Even if you do not plan on sharing your code, or even version controlling your code, use your github.com/username as the base of your package paths. Of course this does not have to be GitHub, you could use your bitbucket.org/username or any other unique endpoint. The priority here is a unique path that you can use. The added benefit is that if you decided to publish your code, it will be go gettable.

Names

There are two types of packages we can create. The first is an executable application. In order to tell Go that you want your code to be executable, we give it the package name main:

package main

// Code lives here.
...

You may have noticed that the majority of examples on this blog and the Go Tour all use package main. This is because we want to execute the code and see the output.

The second type of package is a library. This is code that can not be directly executed, but can be imported by an application. An example of this is middleware packages in web applications. I have created a package called secure which has a package name of secure:

package secure

// Secure package code lives here.
...

This is how we would use the secure library:

package main

import (
    "net/http"
    "github.com/unrolled/secure"
)

func main() {
    m := http.NewServeMux()
    m.HandleFunc("/", func(w http.ResponseWriter, req *http.Request) {
        w.Write([]byte("Hello world."))
    })

    s := secure.New(secure.Options{
        ContentSecurityPolicy: "default-src 'self'",
    })

    http.ListenAndServe("0.0.0.0:3000", s.Handler(m))
}

Conventionally package names are the same as the last element of their import path.
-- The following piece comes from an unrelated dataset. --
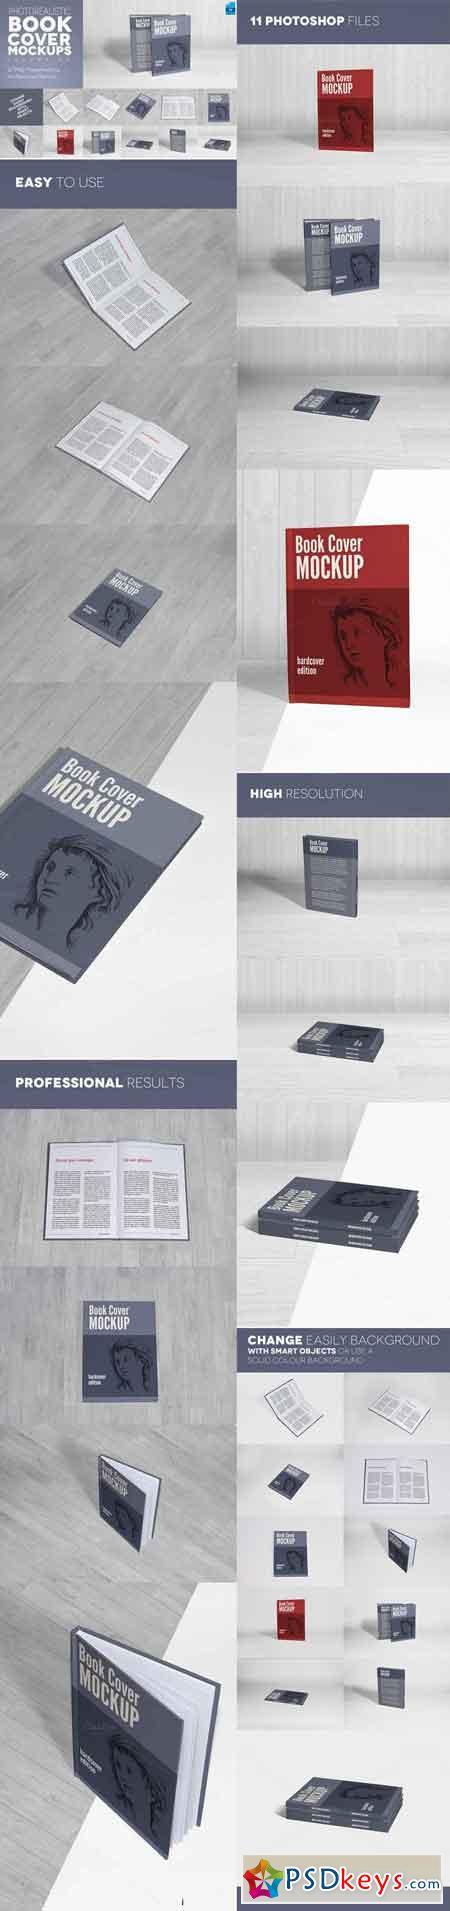 Book Cover Mockups v5 - Hardcover 418715

In my above example the package path is github.com/unrolled/secure, and if you view the source the package name is secure. This is Go’s convention and you should try your best to follow it. But it is not a requirement. If we changed my secure package name to something different, like gowebsecurity:

package gowebsecurity

// Secure package code lives here.
...

The above example would only need one line changed, and the import path would stay the same:

...
import (
    "net/http"
    "github.com/unrolled/secure"
)
...
s := gowebsecurity.New(secure.Options{
...

This is an important concept to understand. Package paths and package names do not have any correlation. It is purely a best practice (and one you should follow). The path is simply where the code lives. When we import a package into our code, the Go compiler finds the files in the package path and loads the package name into scope and continues compiling our code.

General Tips

There are not many requirements when organizing your package, for the most part it is completely up to you. But there are a couple of things to keep in mind.

A Go package can (and probably should) have multiple files. This is great for organizing your code into logical groups. No one likes looking at a 2,000 lines of code in a single file. Just make sure your package name is the same across all the files within your package. Go will only allow you to have one name per package.

If you feel the need to have multiple package names create a subpackage, but do so sparingly. See Ben Johnson’s post for more on using subpackages sparingly. A great example of properly using a subpackage is the bson subpackage within the mgo package (MongoDB driver package). Since they created bson as a subpackage, it can be tested independently and imported by others who only need the bson functionality.

That brings me to my last point. If you create subpackages, be aware that you can not have cyclic dependencies. Anyone coming from Python will be well aware of this, but just something to keep in mind.